Meaning not humping chicks on stage.
“Sure. Go for it.” I started to ask Myles if he was calling his Fee Fee, but the swinging door had already closed behind him. Okay then.
I set aside my old Taylor guitar and made my way over to the leather couch on the opposite side of the room from the mixing booth. We were using the space at Ripper Records, which was where we tended to do our rehearsals most days.
Back in Turnbull, we’d rehe
arsed at the Gallows, our name for the dank warehouse space beside the town’s only bowling alley. On a good night, we’d practiced until our fingers were numb and our shoulders were sore, then we’d gone next door as the high school girls were finishing their games. Of course, back then we’d been in college, so trolling high school girls was only moderately perverted. Some of my buddies still did, but I’d moved on.
I dropped down on the sofa and slid a glance at Coop, who was scribbling frantically in his battered notebook. “Got a new idea, brother?”
“Maybe. Let’s just say I don’t want songs like ‘Fool for You’ or ‘Felicity’ to define our sound.”

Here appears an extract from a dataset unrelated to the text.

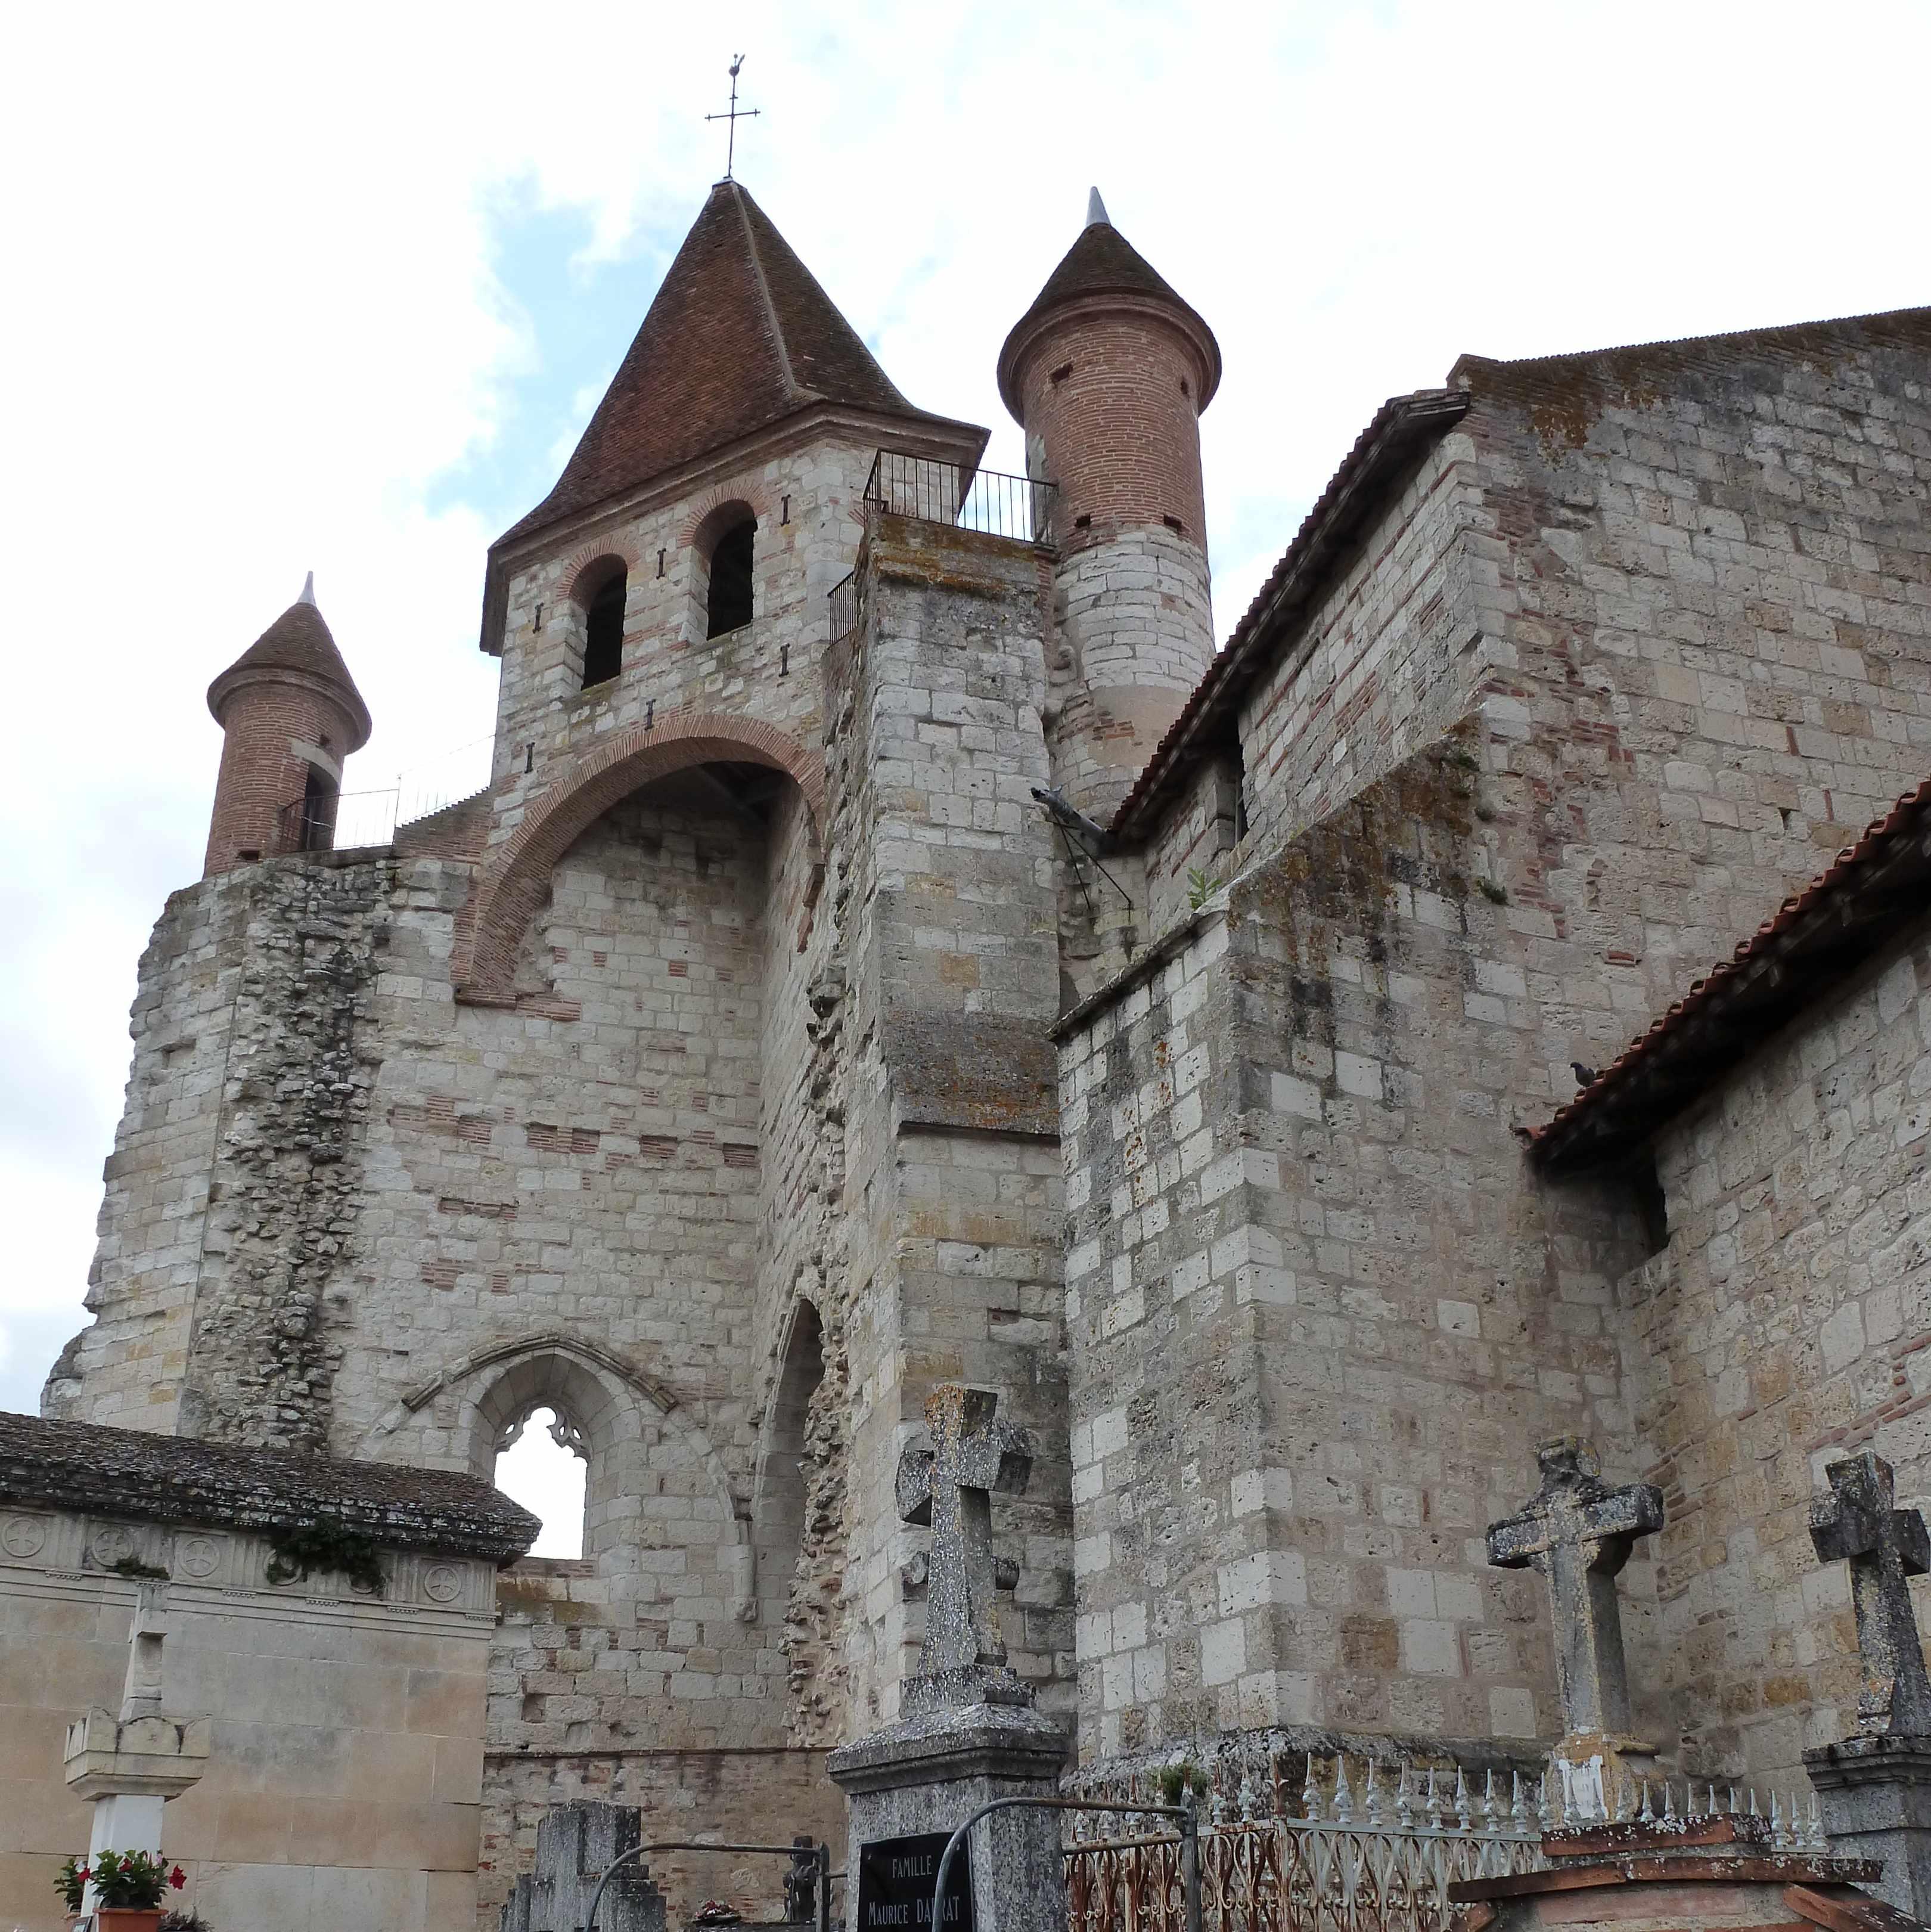 Auvillar-eglise-fortifiee-2014-05

“Fool for You” was Wilder Mind’s first single, and it was hitting radio in a major way just as we’d hoped. We were already in the Top 20, with solid numbers coming in daily. Lila wasn’t one of those managers who fed the talent a steady stream of data to keep them pumped—or hid it to prevent depression—but she gave me more leeway than most since I’d started out on the other side of the conference table. I had a damn good idea of the units we were pushing every day and the airplay and how our social media numbers looked. We weren’t headed for the stratosphere just yet, but we were definitely building.
“What’s wrong with FFY?” I asked mildly, though I already knew our lead guitarist’s concerns.
He didn’t want to become known as a harder-edged REO Speedwagon for the current set. His desire was to leave the love songs—or songs that could be perceived that way, such as “Felicity”—for later and start off with something more anthemic, like “Welcome to the Jungle” had been for GNR. But times were different and we had our own sound and our own material. FFY was doing just fine on the charts. As for Felicity…
Well, sap had its place. Preferably off my playlist, but who was I to judge?
“Nothing. It’s a solid song with a kickass bridge. Just broadening the scope a bit. What do you think of this?”
He ran through some rough lyrics for a new song he’d been working on, one much darker than either our single or Myles’ creation. I was already putting the music together in my head, imagining the guitar licks and the build up to the bridge. Figuring out how I’d shred the vocals to produce a different sound than the huskier, romanticized one I’d used on our ballads.